--- Exercise instructions ---
Each line of the listing must be transcribed exactly, except for the images, which should be excluded.

--- Material provided ---
------------------------------------
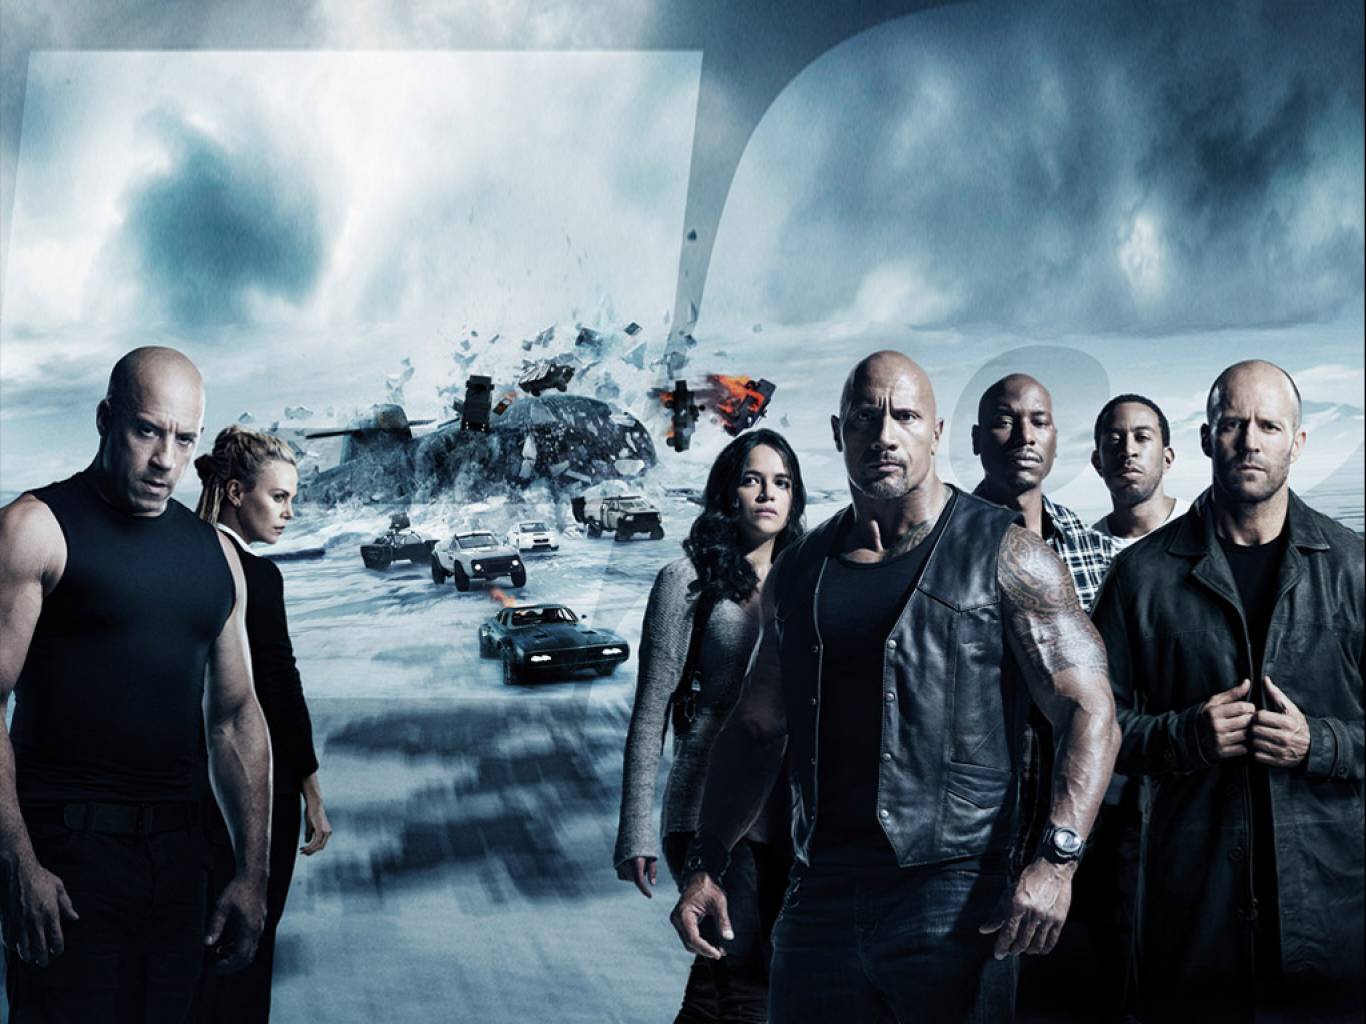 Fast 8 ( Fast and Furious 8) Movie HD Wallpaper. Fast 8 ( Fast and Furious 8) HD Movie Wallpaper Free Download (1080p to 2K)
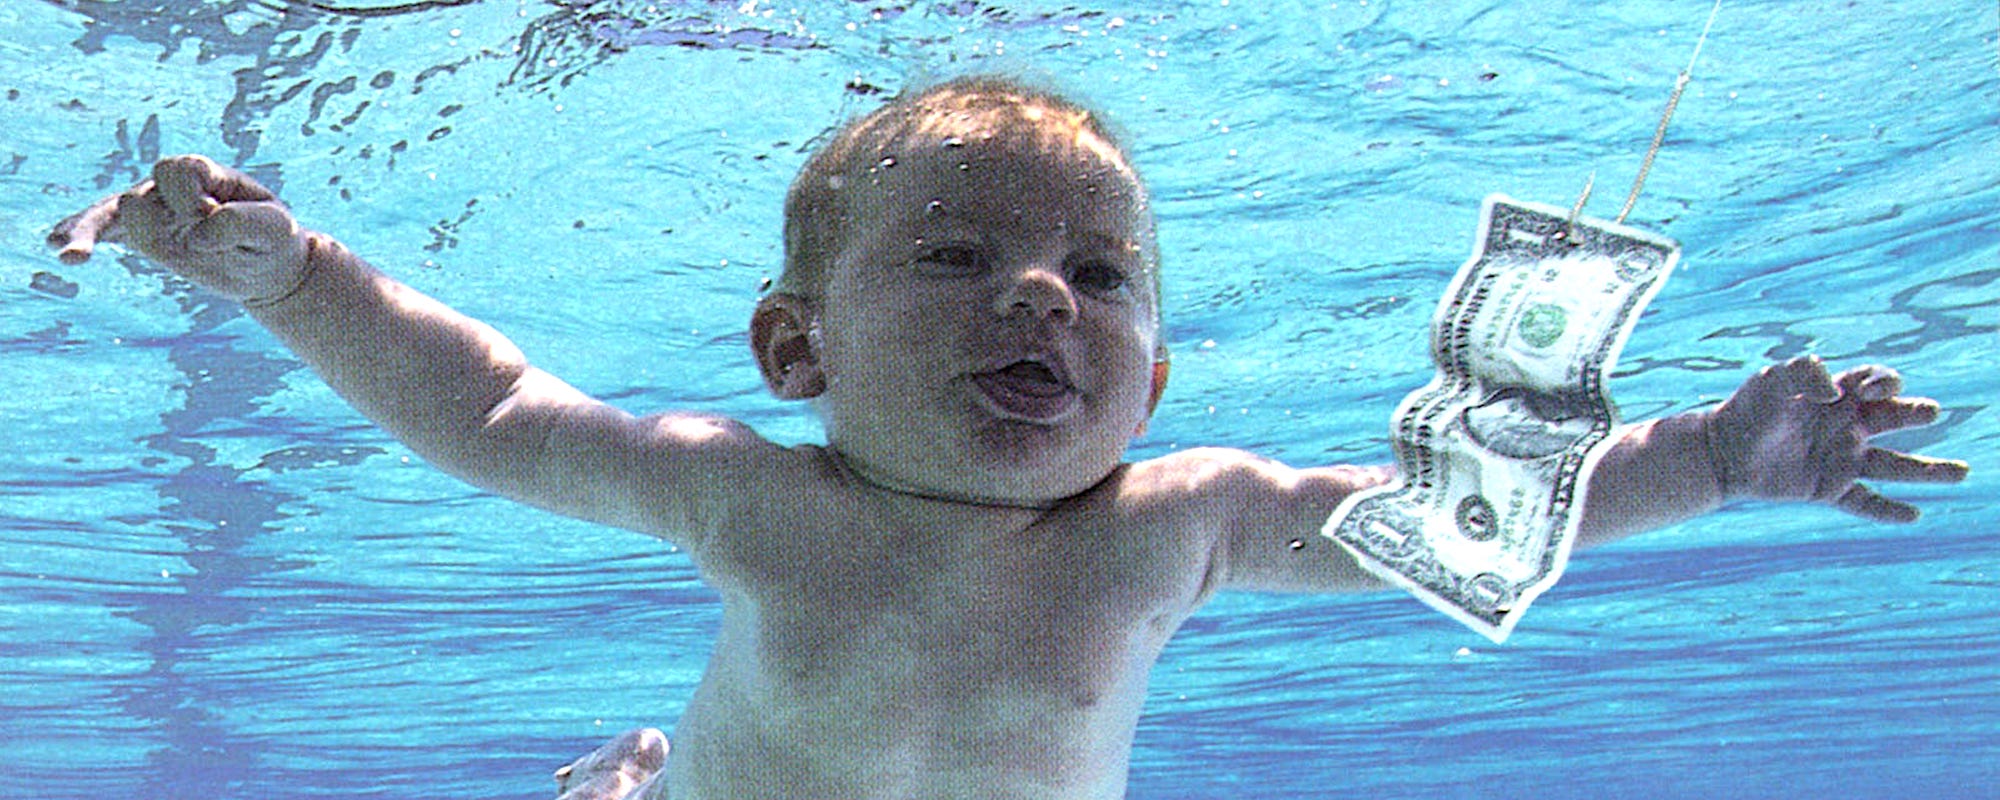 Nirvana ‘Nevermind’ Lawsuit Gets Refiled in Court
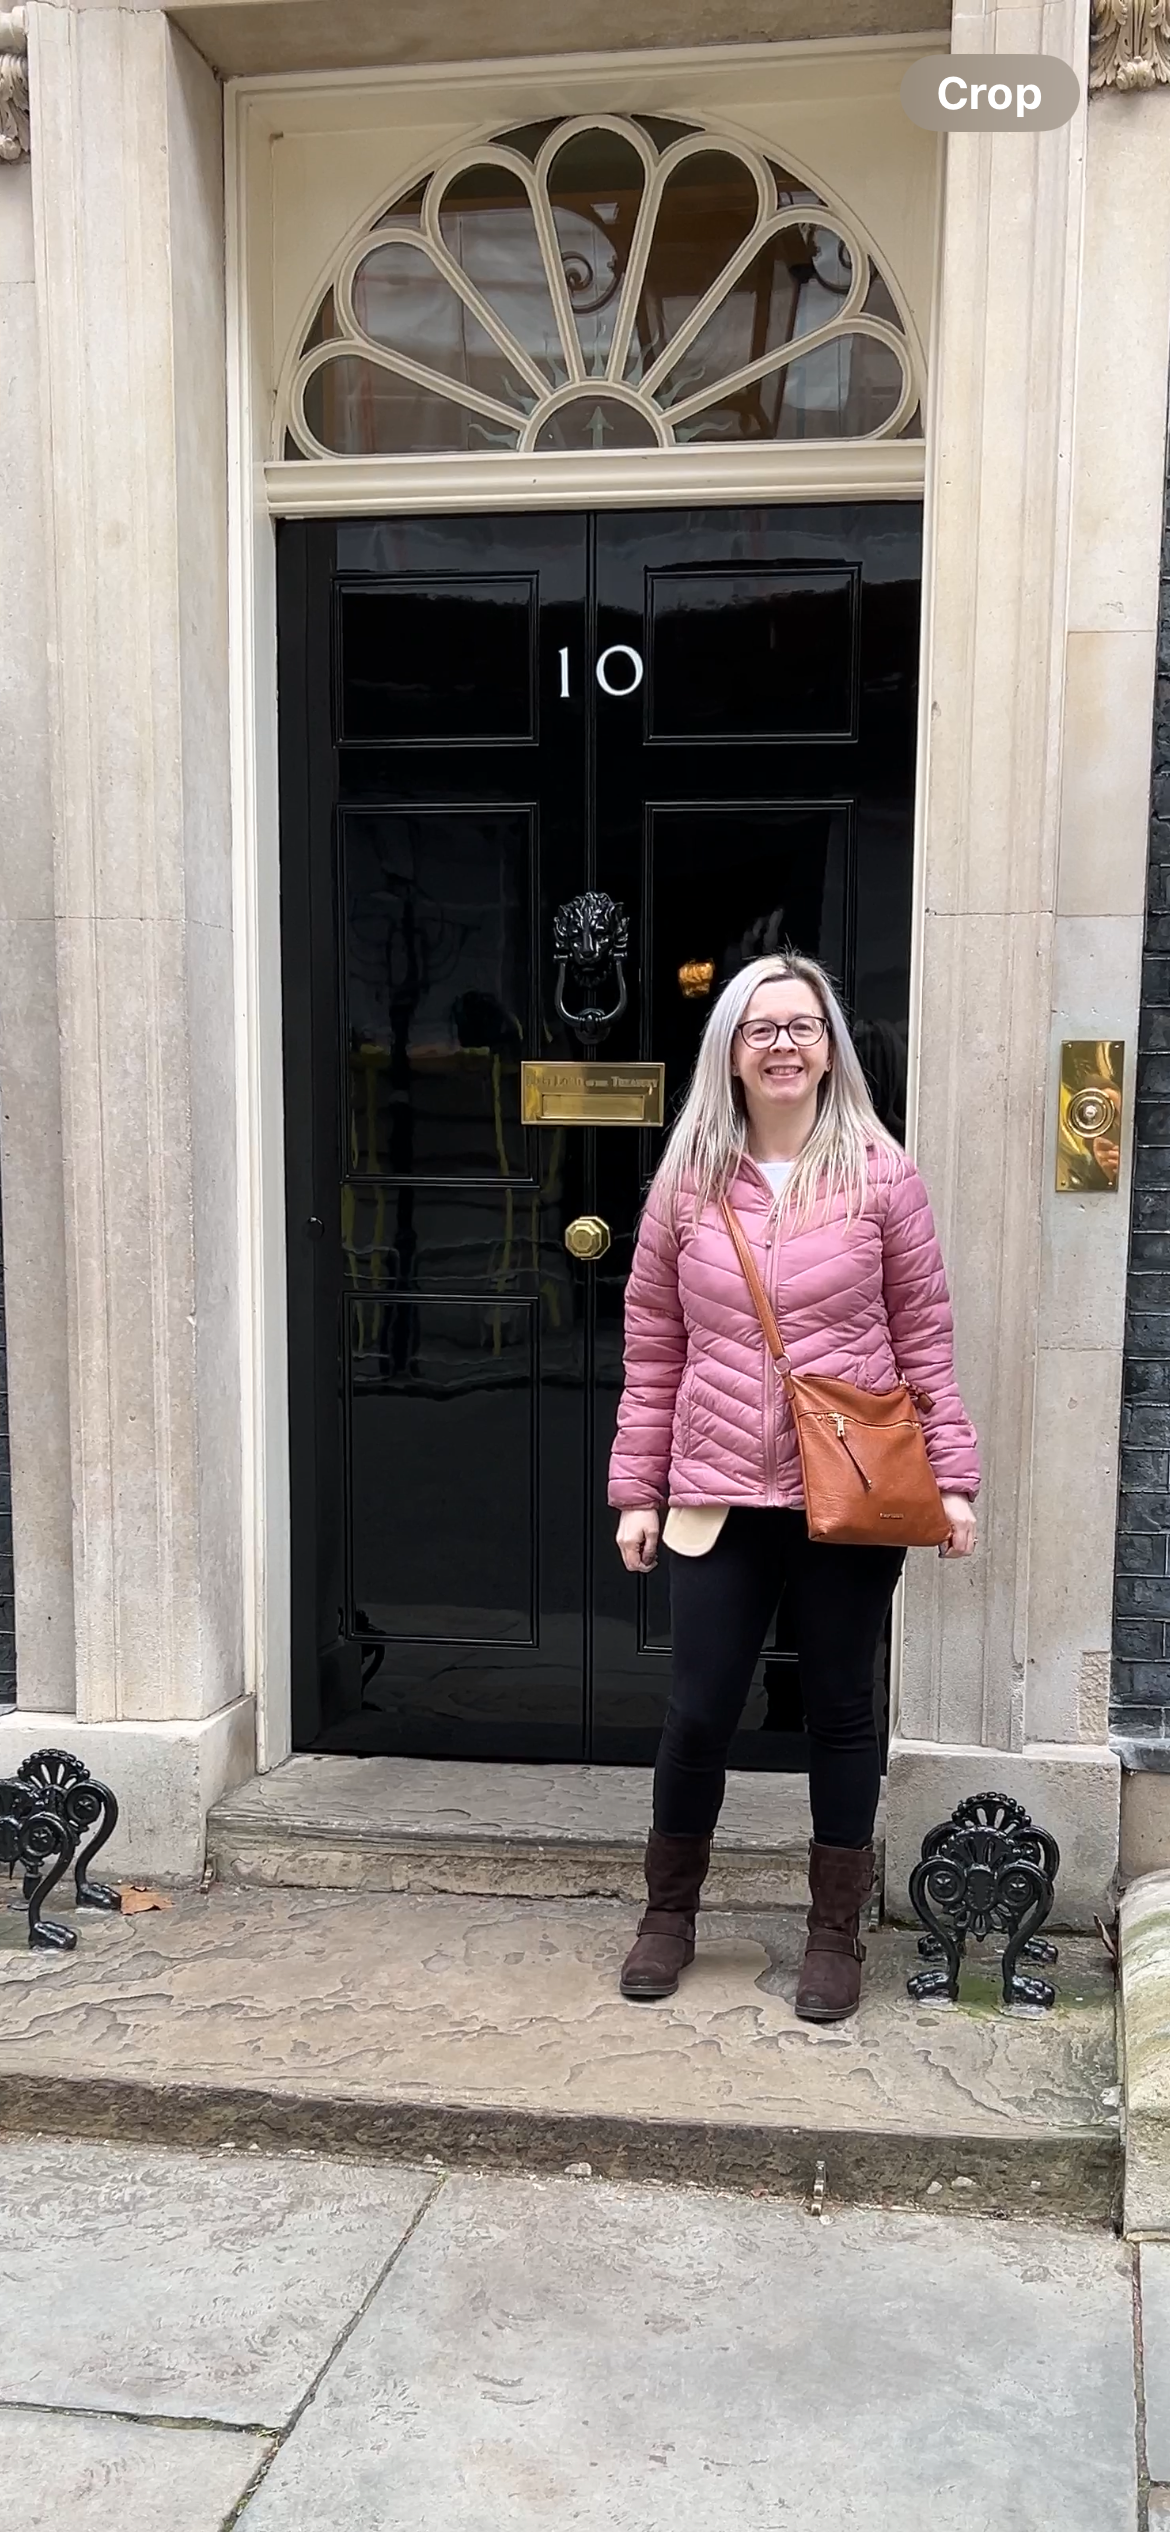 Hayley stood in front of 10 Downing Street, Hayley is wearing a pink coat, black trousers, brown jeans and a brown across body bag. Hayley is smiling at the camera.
------------------------------------
--- The completed task ---
 Fast 8 ( Fast and Furious 8) Movie HD Wallpaper. Fast 8 ( Fast and Furious 8) HD Movie Wallpaper Free Download (1080p to 2K)
 Nirvana ‘Nevermind’ Lawsuit Gets Refiled in Court
 Hayley stood in front of 10 Downing Street, Hayley is wearing a pink coat, black trousers, brown jeans and a brown across body bag. Hayley is smiling at the camera.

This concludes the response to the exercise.